The scheme also offered ongoing payments whenever such distributors re-ordered, allowing for a residual-like income. This caught on and, since then, MLM businesses have spread all over the world, under various names such as affiliate marketing, home-based business franchising, network marketing, direct selling, referral marketing, and pyramid selling. Companies such as Avon, Electrolux, Tupperware, and Kirby have leveraged this concept to become household names. About 1000 firms currently use multi-level marketing in the US.

Illegal Pyramids

The stigma associated with MLM comes from its close resemblance with illegal pyramid schemes. Such schemes require recruiting people to not only buy and sell the product, but also to recruit other people who will not only have to buy and sell the product but also recruit people…ad infinitum.
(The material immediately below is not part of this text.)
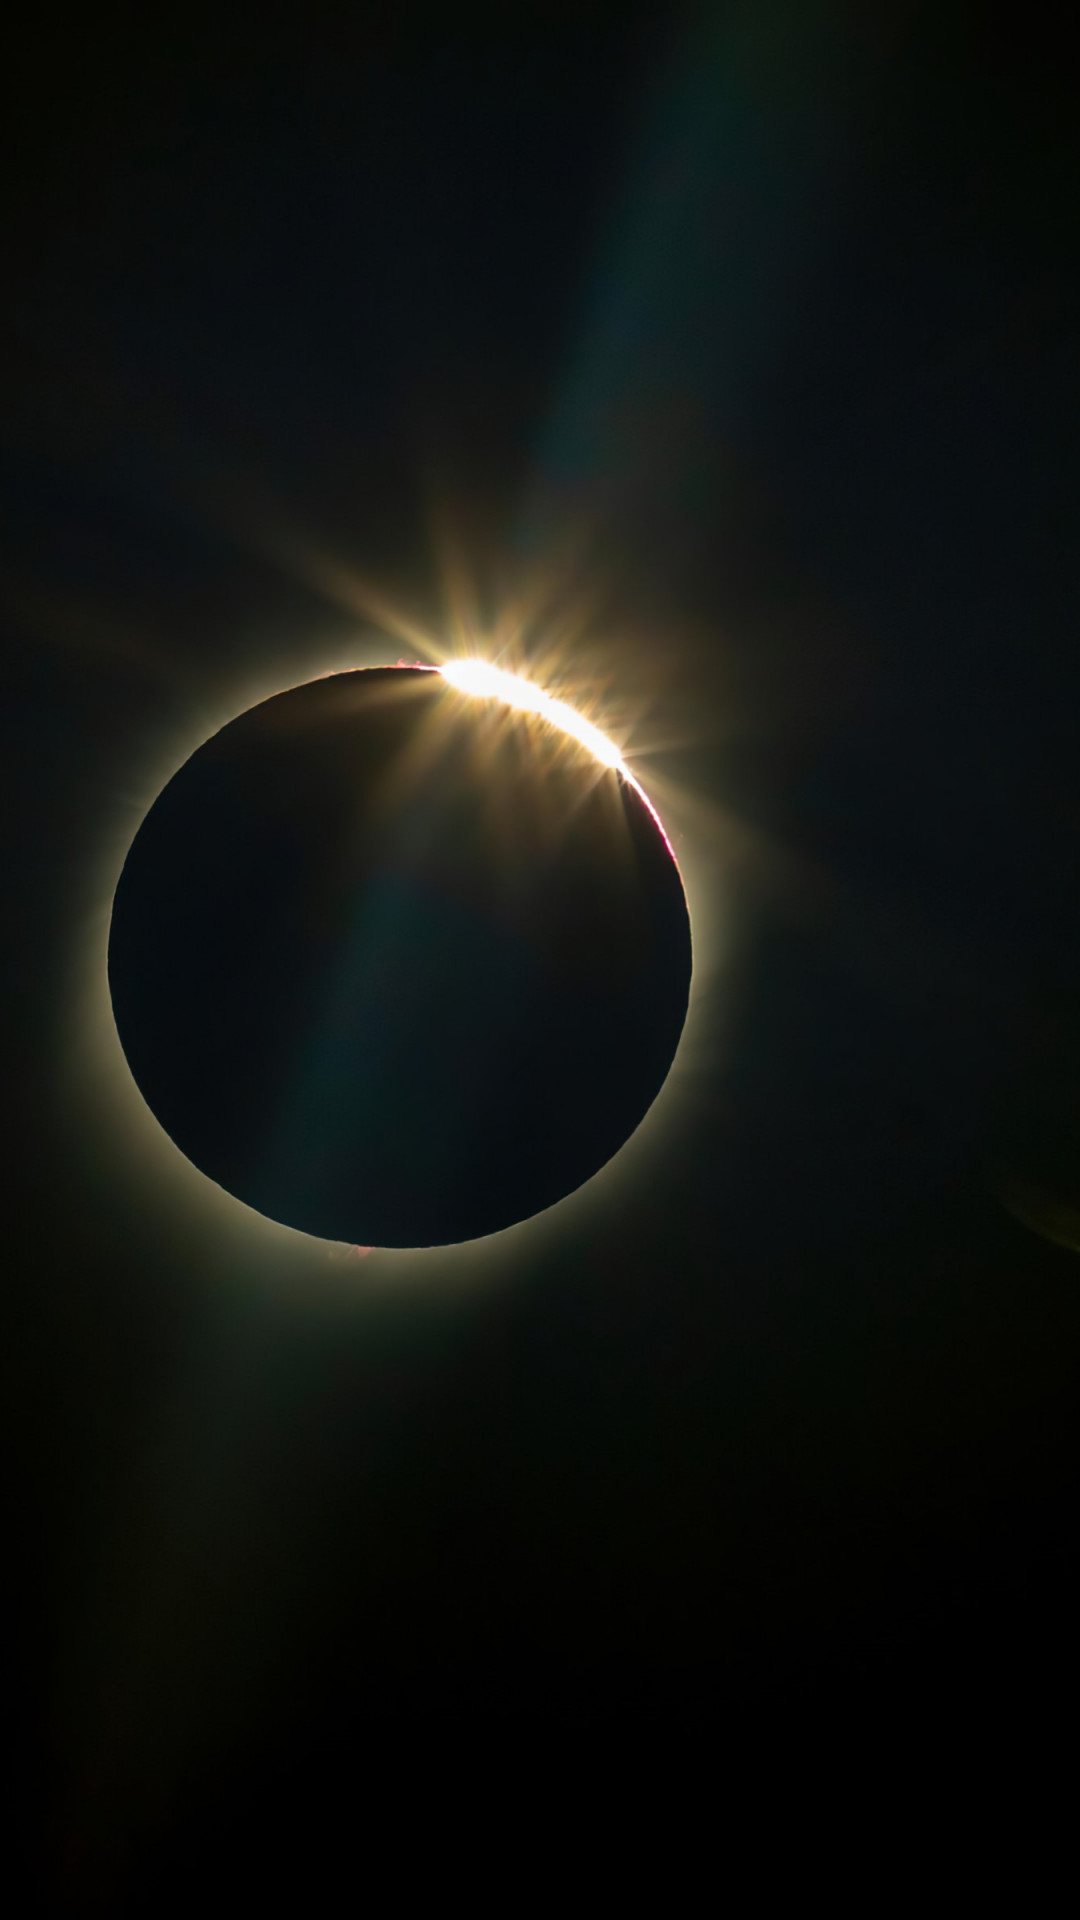 Sun eclipse wallpaper 1080x1920

Each recruitment or sale earns the member a commission, and a portion of such commission.

Illegal pyramids and Ponzi schemes use the same structure, but unlike genuine MLM the major activity and source of commission is recruiting members rather than selling products. Many ponzi and pyramid schemes disguise themselves as MLMs by offering products for sale, but revenue coming from recruiting members and members buying a certain quantity of products or paying a fixed membership fee. In such cases, the company entices recruits to buy more products than they can sell, often at inflated prices, to earn incentives. When this occurs throughout the chain, people at the top of the pyramid reaps substantial profits, but little or no product moves to market or to actual end users and the people at the bottom who make the actual payments find inventory accumulating in their houses. Sales among people inside the pyramid structure or to new recruits joining the structure, rather than to the public, are sure tell-signs of such frauds.

Part of the stigma comes from the very structure. Even when concerned with the legitimate selling of products, the structure is unsustainable beyond a certain level. At some point, the ability to recruit more members ends, and the scheme collapses. When such collapses occurs, most people in the chain, except those at the very top of the pyramid, end up empty-handed.

The United States Federal Trade Commission (FTC) cautions the public to stay clear of multilevel marketing plans that pay commissions for recruiting new distributors, regardless of whether they offer products for sale. The FTC clarifies that the test of the legality of an multilevel marketing activity is the commissions to participants coming from sale of goods and services, rather than such sale-based revenues being incidental to the purchase of the right to participate in a moneymaking venture. In other words, if the prospects of income from the scheme depends more on the number of distributors recruited rather than sales to such people, or sales to people outside the plan, then the scheme is a fraud in nature.

Good companies place emphasis on selling the actual products – especially to outside customers, and consider recruiting new members only as a means to drive sales, rather than as an end in itself.

Delusion

One major cause for multilevel marketing stigma is the delusion it radiates. The concept appeals to the masses as an innovative and radically alternative way of conducting business. It sells hope and entices members as a genuine “get rich quick” scheme. This is when, in reality, the company offers complicated and difficult to understand schemes that while theoretically allowing people to make it rich in the short term, include many “ifs” and conditions that are virtually impossible to fulfill. This, combined with the high upfront membership costs, leads to most participants losing money rather than making any money. The few who make money rarely make anything more than a supplementary income, very often lesser than minimum wage.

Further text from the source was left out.